Visualization of synchronized field data

fig, ax1 = plt.subplots(figsize=(12, 6))

# NDVI Plot
color_ndvi = 'forestgreen'
ax1.set_xlabel('Date')
ax1.set_ylabel('NDVI', color=color_ndvi, fontsize=12)
ax1.plot(vv_time_datetime, ndvi, color=color_ndvi, marker='o', linewidth=2, label='NDVI')
ax1.tick_params(axis='y', labelcolor=color_ndvi)
ax1.set_ylim(0, 1)

# Backscatter Plot
ax2 = ax1.twinx()
color_vv = 'royalblue'
ax2.set_ylabel('VV Backscatter [dB]', color=color_vv, fontsize=12)
ax2.plot(vv_time_datetime, 10 * np.log10(vv), color=color_vv, marker='s', linestyle='--', label='VV Radar')
ax2.tick_params(axis='y', labelcolor=color_vv)

# Titel und Layout
plt.title(f"Synchronized time series - Field Number: {str(single_field.NUMMER.values)}", fontsize=14)
fig.tight_layout()
plt.show()
../_images/9c981a7d0eea644bc1f48f912389c1cf97e72ca09f6fe6f1fd567d4cf0e5c42f.png

6. Inversion

Retrieval of soil moisture with RT-model combination Oh92+WCM

6.1 Parametrization

Define which RT models should be used (example combination of surface: Oh92 and canopy: SSRT)

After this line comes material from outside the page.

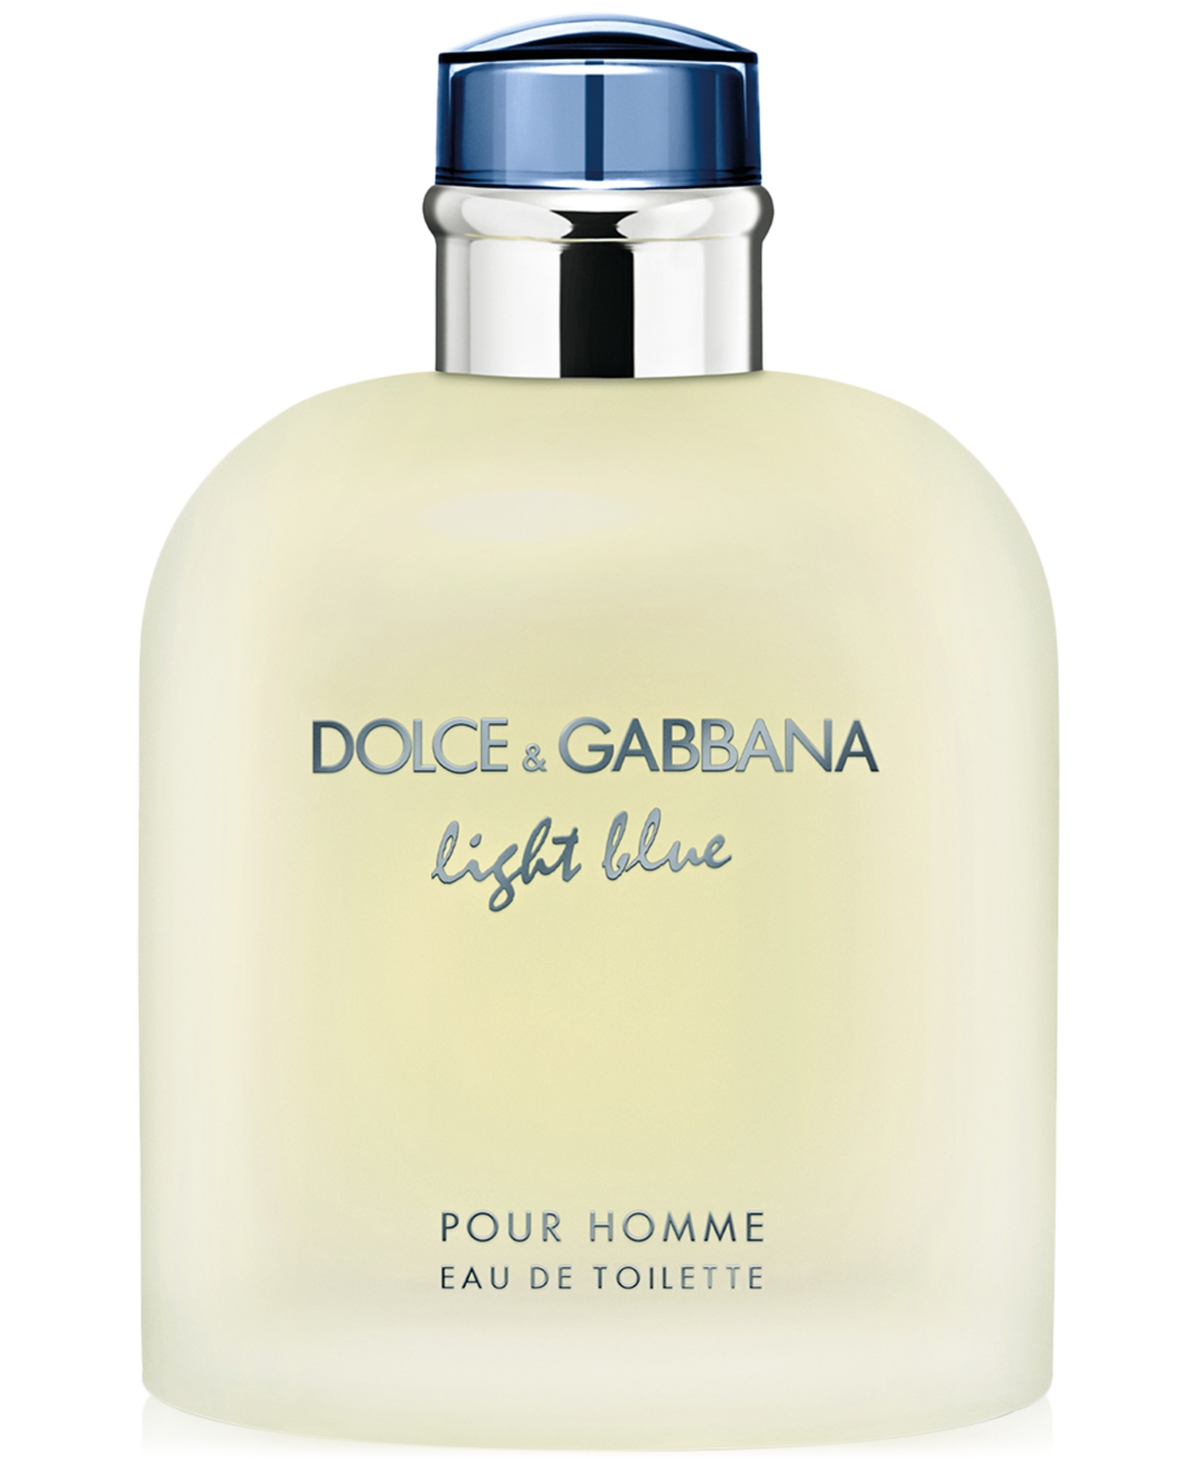 Dolce&Gabbana Men's Light Blue Pour Homme Eau de Toilette Spray, 6.7 oz.

# Choose models (surface: Oh92; canopy: watercloud)
#------------------------------------------------------------------
canopy = 'water_cloud' # other options are 'turbid_rayleigh' or 'water_cloud' 
surface = 'Oh92' # other options are 'Oh04", 'Dubois95', 'I2EM', 'WaterCloud'
models = {'surface' : surface, 'canopy' : canopy}
pol='vv' # use of Vertical-Vertical polarization due to its sensitivity to soil moisture

Define model parameters. For the parameter soil moisture (sm) a synthetic time series is created

# model parameter Oh92 (surface part)
#----------------------
freq = 5.405           # Frequency in GHz (C-band, typical for Sentinel-1)
s = 0.02              # Surface roughness (m)
clay = 0.0738          # Clay fraction (0-1)
sand = 0.2408          # Sand fraction (0-1)
bulk = 1.45            # Soil bulk density (g/cm3)
theta = inc_rad # Incidence angle in radians

# Generating a synthetic time series of soil moisture
sm_truth = np.random.uniform(low=0.05, high=0.35, size=(50,))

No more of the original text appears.